The Aspen Music Festival

Oliver Condy reports on a few days up in the Colorado mountains

Published: August 10, 2016 at 10:14 am

The Aspen Music Festival and School in Colorado is a celebration of classical music like no other. Founded in 1949, it hosts over 600 students from around the world for eight weeks of intense study with top tutors, world-class performance opportunities and a whole load of fun. And generous scholarships ensure many of them don’t pay a penny despite returning three, sometimes four seasons in a row. For the audiences that descend on Aspen for the summer, there are more than 300 events to savour, from masterclasses and talks to orchestral concerts and recitals. It’s an environment that blurs boundaries between student and master, as each feeds off the other for new insights and reminders of the magic of ensemble music-making.

And in a festival of Aspen's scale and ambition, magic isn't hard to find, sometimes revealing itself in the most unlikely of places... Here are a few highlights from three days up in the Rocky Mountains.

Masterclasses

Aspen invites an impressive roster of resident tutors from around the globe to teach and nurture their students. And masterclasses form the backbone of School, proving as popular with audiences as they are with the students themselves. Two hours listening to Juilliard piano legend Yoheved Kaplinsky impart her wisdom to four young students were an inspiration. One student, who presented Mendelssohn’s Variations sérieuses, Op. 54, spent almost the entire 45 minutes discussing and repeating just a few bars from the opening theme with Kaplinsky – as with so much music, context is the key to understanding the structures and textures in Mendelssohn’s music. Difficulties with memorising parts of the work were solved when the student was advised to spend as much time on the slower, ‘easier’ parts of the piece as the more virtuosic variations.
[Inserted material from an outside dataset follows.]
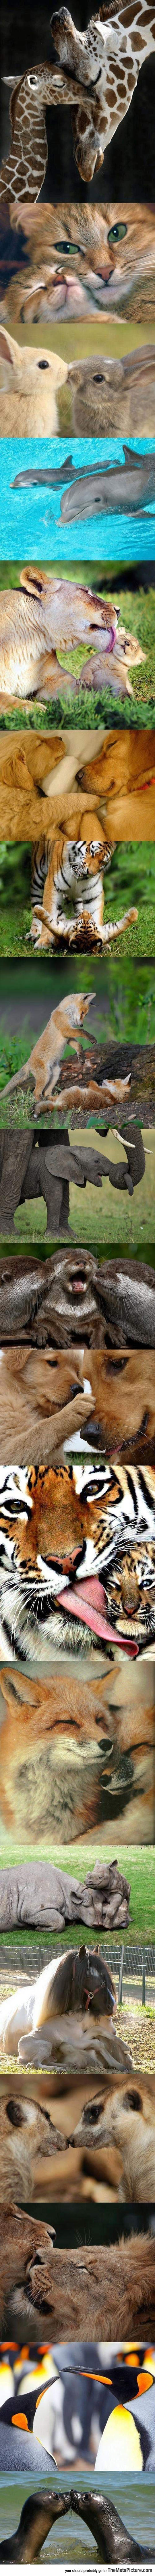 Animal Kingdom Love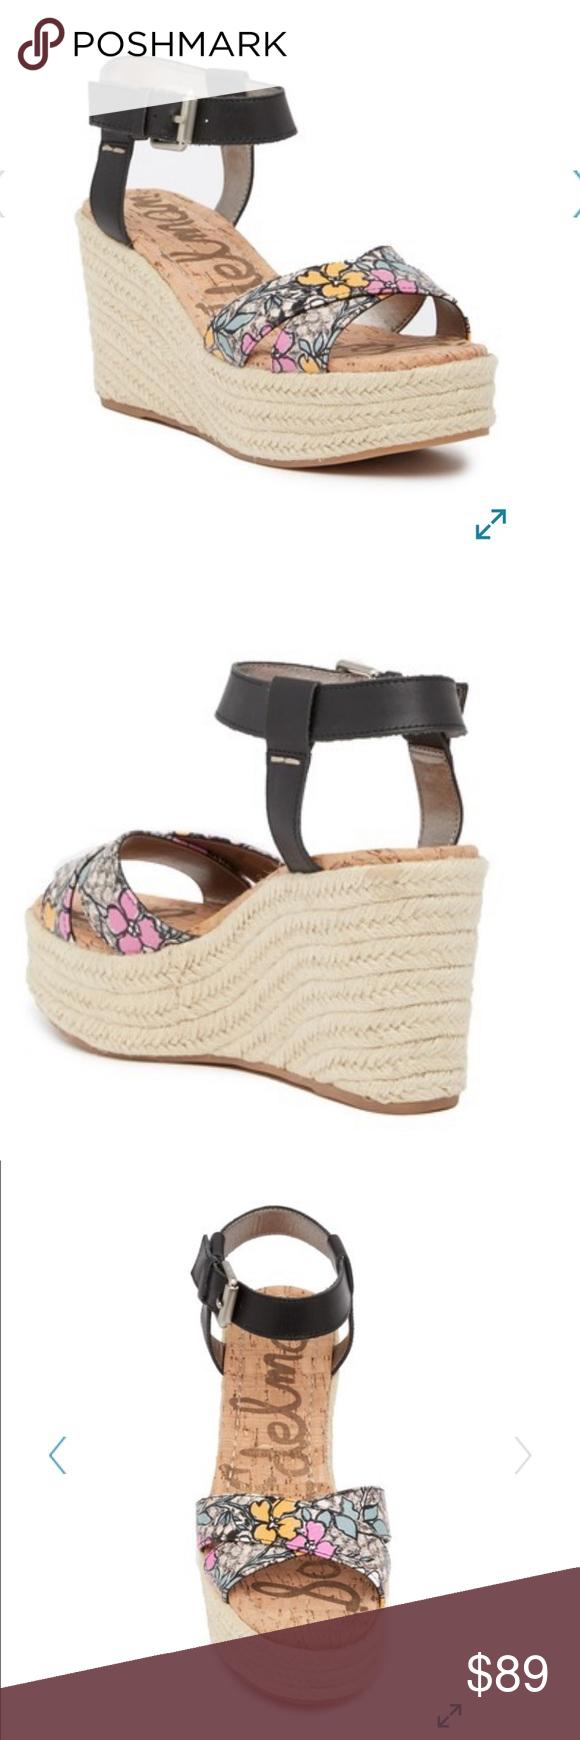 02cbbabcca3a4 Sam Edelman Destin Espadrille Wedge Sandal Sizing  True to size. M standard  width

Straightforward, no nonsense advice that one rarely hears these days.

A masterclass in the Wheeler Opera House, just off Aspen’s main shopping/easting drag, saw dozens of students have their performances of Mozart opera scenes taken apart by Edward Berkeley, another Juilliard teacher. Mostly, however, the lessons were practical – not looking at the conductor while looking at the conductor, not hugging someone so hard they can’t sing, concentrating on keeping in tempo while a myriad of other things threaten to plunge your performance into the abyss. A very entertaining few hours indeed.

The students

Many budding young musicians go on summer camps to improve technique, meet like-minded peers and take a break from home life. But the dedication of the 630 Aspen students – many of them travel to Aspen immediately after term ends, and return to college almost the day their time in the Rockies ends. Being an Aspen alumnus seems to be a badge of honour which musicians wear throughout their musical careers. They’re a lucky bunch – and I’m sure they realise it.

The campus

Costing around $80m and completed just last year, the Aspen campus is the hub of student activity, the place where those 600 brilliant young musicians come to practise, rehearse and hang out. It’s an extraordinary collection of buildings, housing dozens of state-of-the-art practice rooms (each containing a brand new Steinway/Boston grand piano), orchestral studios and a top-class refectory. The setting is breathtaking, the buildings circled around two artificially-made beaver lakes, all at the foot of spruce-covered foothills, gateways to the magnificent Rockies and some of the finest skiing you can find anywhere. A foaming creek tumbles and splashes its way behind the campus as it journeys down the valley.

Jeremy Denk

Denk’s reputation as a fine pianist hinges as much on his imaginative programming as it does on his artistry. His recital last Saturday evening, bookended by Bach and Schubert, explored syncopation in seven short works. Revelations included William Bolcom’s softly lilting, beautiful ‘Graceful Ghost Rag’, stride pianist Donald Lambert’s thrilling, irreverent take on the Pilgrim’s Chorus from Wagner’s Tannhauser and Williams Byrd’s ‘The Passinge Mesures’ from My Ladye Nevells Booke, a piece of luminous charm and eye-popping complexity, both harmonically and rhythmically. More pianists should include early English music in their programmes; yes, the piano wasn’t effectively written for until the middle of the 18th century, but if Bach can become a piano recital mainstay, then surely so can Gibbons, Byrd, Tallis, Tomkins and their ilk whose music illuminates when performed on a modern Steinway.